Still, it's good to know about what your first impressions might be like without actually going there.

fuzztester•8mo ago
Yes, same here. And I wish he had written more about Tunisian food, the non-fast food kind that he mentions.

The history section was long and boring.

Some of the other stuff was a bit interesting, though.

arp242•8mo ago
It's really hard to do that from three weeks of travel.

I like Matt's posts, but I always take them with a grain of salt. To really get an in-depth viewpoint you need to live somewhere for a year at least, and probably speak at least some of the local language. I've lived in a few countries over the years, and it's just such a different experience from just travelling for a few weeks.

melling•8mo ago
Tunisia is on my short list. In addition to a lot of Roman ruins, it has been used in movie locations. eg Tatooine in Star Wars.

https://www.smithsonianmag.com/sponsored/star-wars-tunisia-f...

https://depart-travel-services.com/en/discover-the-iconic-st...

ks2048•8mo ago
In addition to Roman ruins, one of the best museums I've been to - the Bardo, with lots of roman mosaics.
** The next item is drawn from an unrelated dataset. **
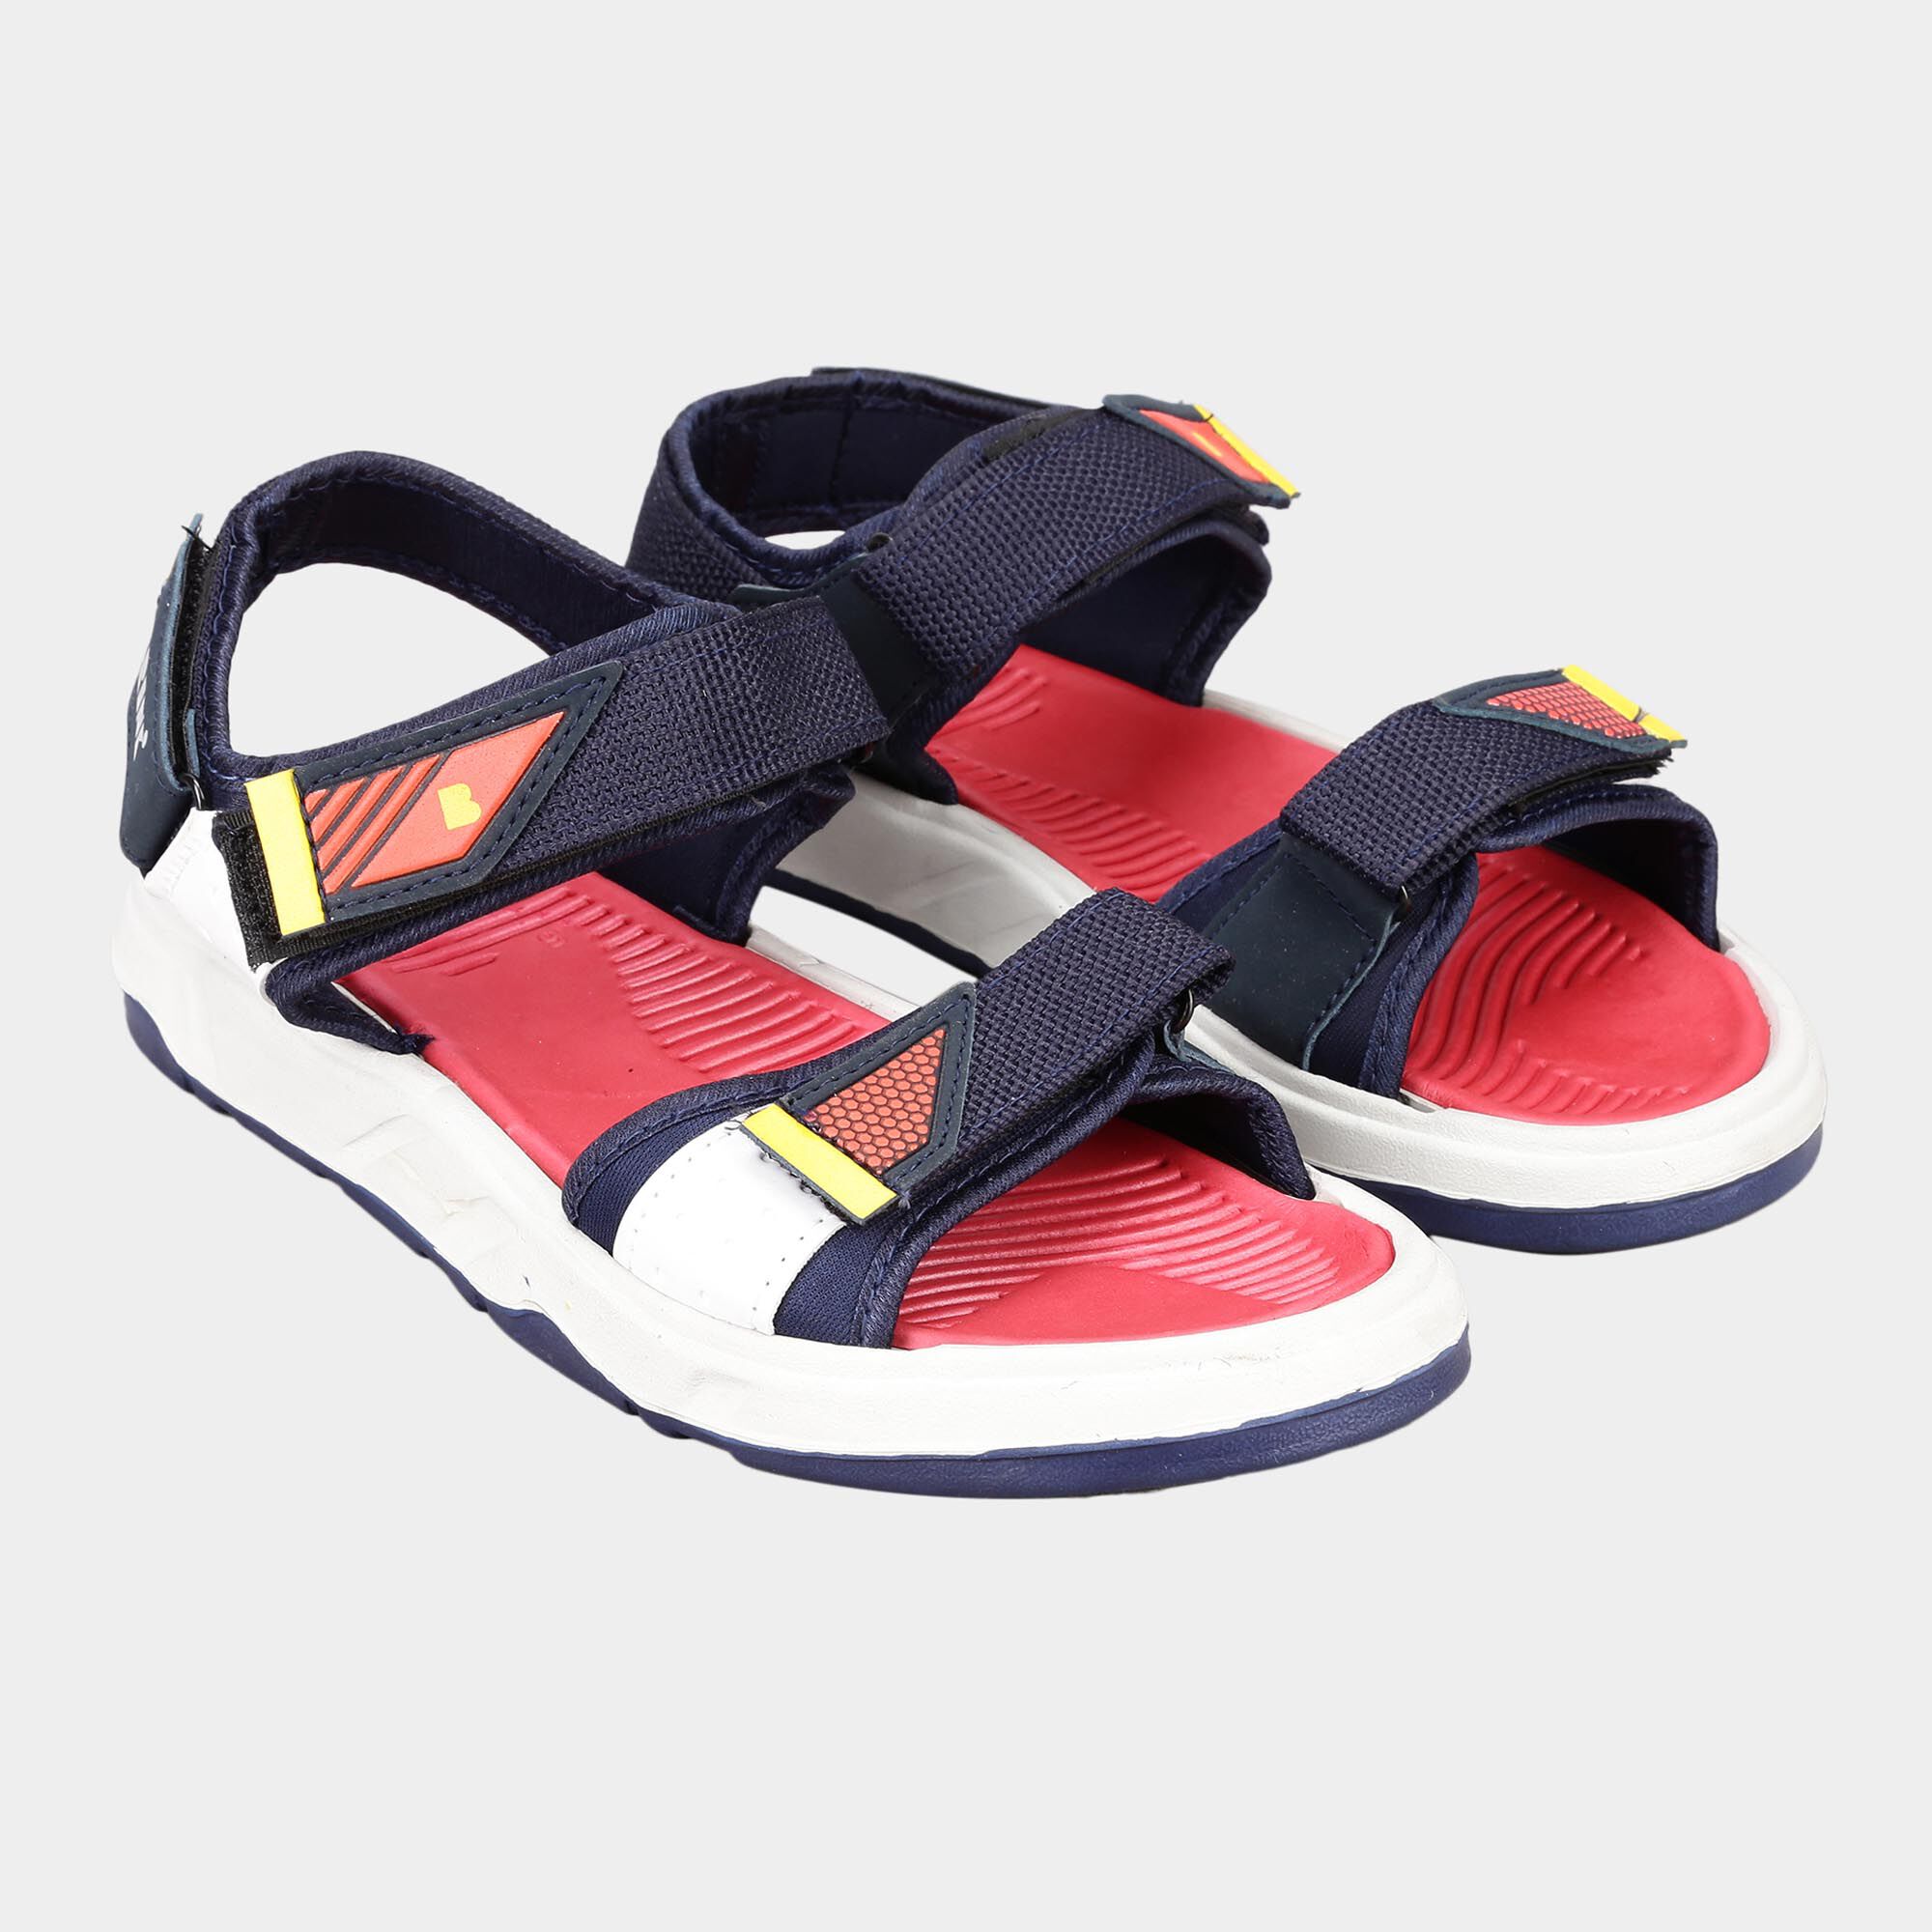 I Love Comfort Sandals Womens 9M Fisherman Flats Slip On Beige Casual  Closed Toe | eBay
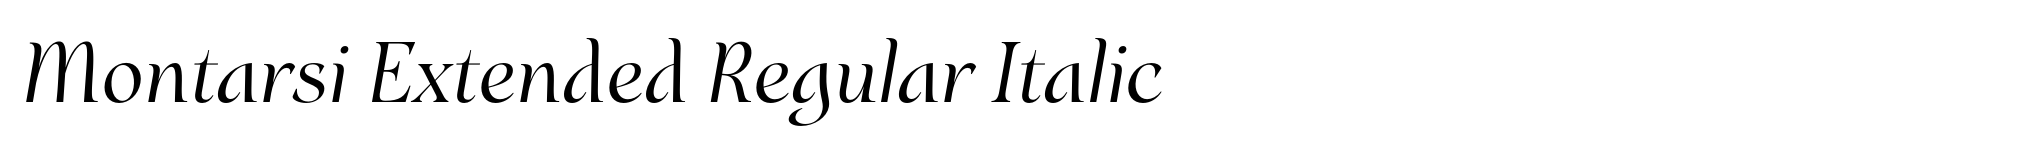 Montarsi Extended Regular Italic image

https://en.wikipedia.org/wiki/Bardo_National_Museum_(Tunis)

devoutsalsa•8mo ago
I've been to Tunisia several times since 2021.

If you like Roman ruins, here's my favorite sites that I've personally visited:

- Amphitheatre of El Jem - https://en.wikipedia.org/wiki/Amphitheatre_of_El_Jem

- Dougga - https://en.wikipedia.org/wiki/Dougga

- Bulla Regia - https://en.wikipedia.org/wiki/Bulla_Regia

While itself not an amazing Roman building, I also enjoyed going to Ksar Ghilane - https://maps.app.goo.gl/Ru5sEqEtJDEWNg3R7. There's a small touristic oasis where you ran rent a quad bike, zip over some dunes in the Sahara, and then stop at the small Roman fort. It's fun to imagine being a Roman stationed at one of the southern most outposts of the empire. It's also fun to rent a 4x4 w/ driver and drive through the desert from Douz to Ksar Ghilane.

tgaj•8mo ago
Turkey is a good place to visit too, if you like ancient ruins: https://lionsinthepiazza.com/ancient-ruins-turkey-southern-c...
billfruit•8mo ago
Is there any analysis why there was major violent conflict in colonial Algeria with the French, but there was not as much in Tunisia.
csomar•8mo ago
The US asked France to get out of Tunisia. Then they created the country.
pier25•8mo ago
I grew up in Tunisia during the Ben Ali dictatorship in the 90s and the conpiracy theory floating around is he was a CIA trained asset.
aspenmayer•8mo ago
Was this before or after the Vietnam War? I’m not that familiar with this part of history.
csomar•8mo ago
Way before. Also it is worth mentioning that the North African campaign liberated North Africa and Tunisia from the Germans. The idea that Tunisia got its independence from France is shallow. It was more like Turkish -> French -> German -> American -> New Republic.
umanwizard•8mo ago
Probably just because Algeria was a way bigger deal to France than Tunisia was. It was considered an integral part of France (whereas Tunisia never was) and around a million ethnically French people lived there.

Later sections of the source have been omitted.